What does it mean here? That the density of $x_k$ is the average of the densities of the samples equal to $x_k$?
Thanks in advance.
This is much simpler than you think. You need to understand that what underlies probability is integration. So, if you are interested in the marginal of the $k$th coordinate, what you really are looking for is knowing the value of $\int_A \pi(x_k) dx_k$ for all (measurable, whatever) $A$. How on earth would you estimate it? The solution is simple: you have a bunch of samples $X^{i} \in \mathbb{R}^d$. You estimate the above integral by counting how many times you have $X^{i}_k \in A$ and then divide by the number of samples you have - $N$. That is it.

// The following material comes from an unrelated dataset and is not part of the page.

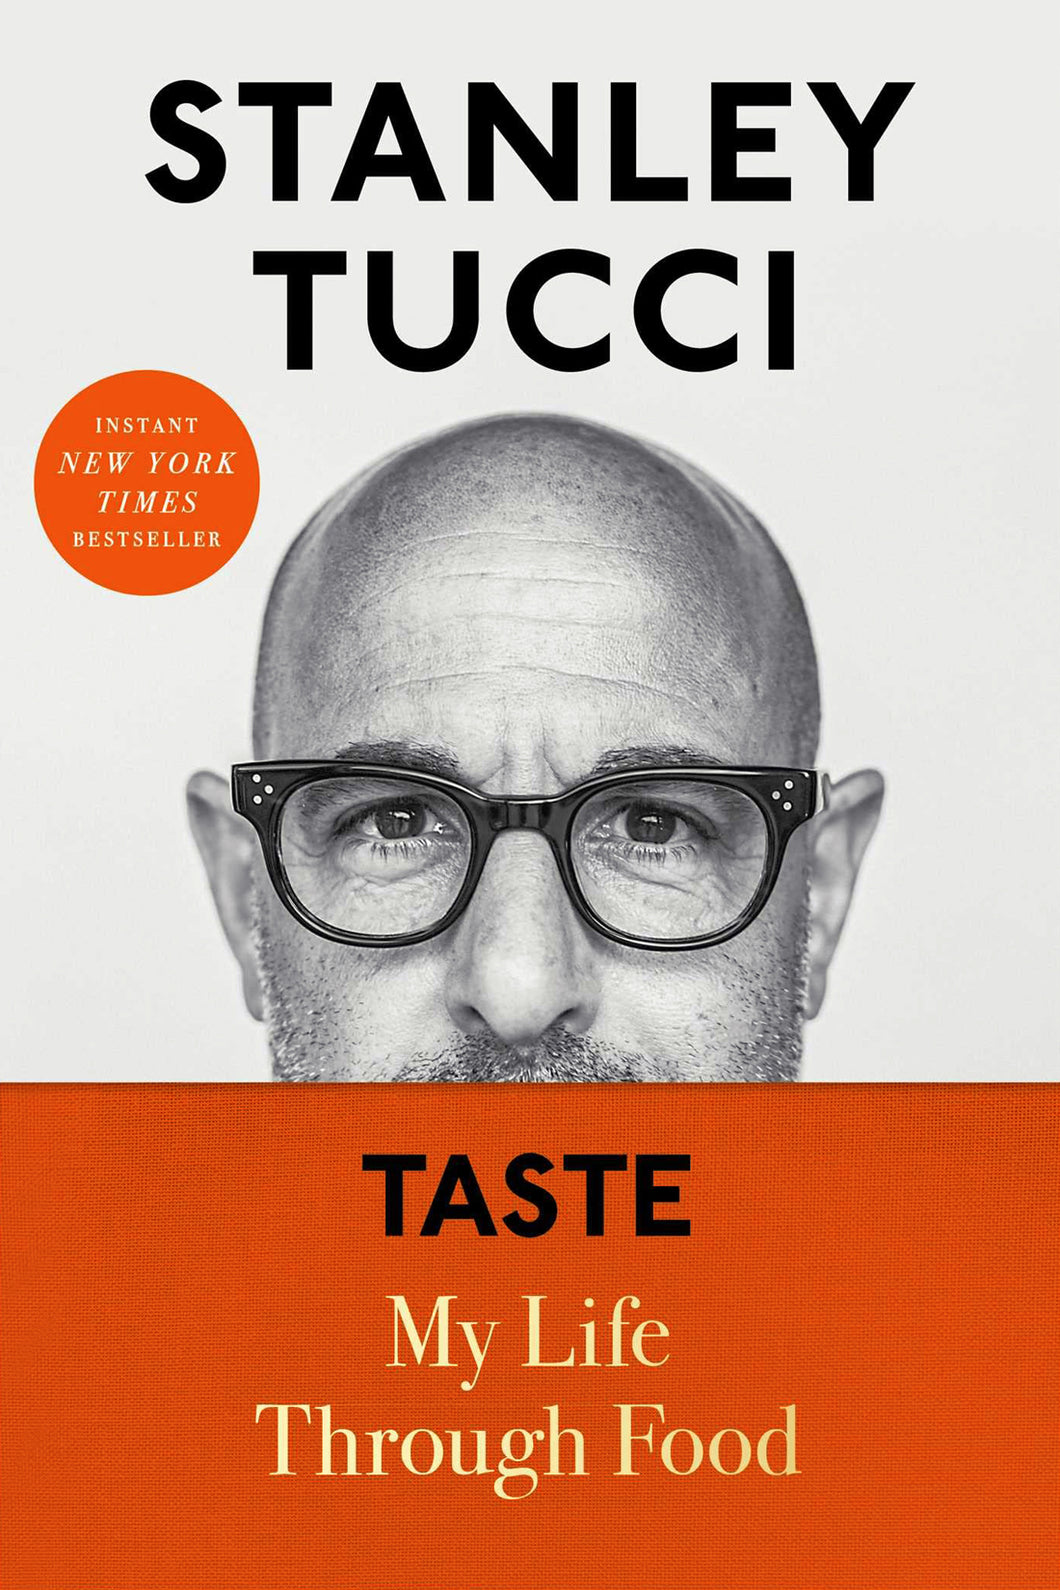 Taste: My Life Through Food by Stanley Tucci / BOOK OR BUNDLE - Starting at $28!

In the notation you use, $\delta_{X_k^{i}}( \cdot)$ is a "function" s.t. if you integrate it over a set $A$, the result is 1if $X_k^i$ is in $A$ and zero otherwise: $\int_A \delta_{X_k^i}(x) dx = 1$ iff $X_k^i \in A$ and $0$ otherwise.
$$ \int_A \frac{1}{N}\sum_i \delta_{X_k^i}(x)dx = \frac{1}{N} \sum \int_A \delta_{X_k^i}(x )dx\\ =\frac{1}{N} \cdot \text{number of times $X_k^i$ is in $A$ } $$
just like our intuition would expect!!
Dirac delta function, is not exactly a function, but with a little abuse of notation you can consider $\delta_{x_0}(x)$ to be a function getting a non-zero value only at point $x=x_0$ and being a probability distribution, i.e. $\int_{-\infty}^{+\infty}=1$. Now you can extend this definition to multi-dimensional case with the same requirements. This is the case for Doucet et. al. tutorial. They are estimating the main distribution by a union of multi-dimensional dirac functions.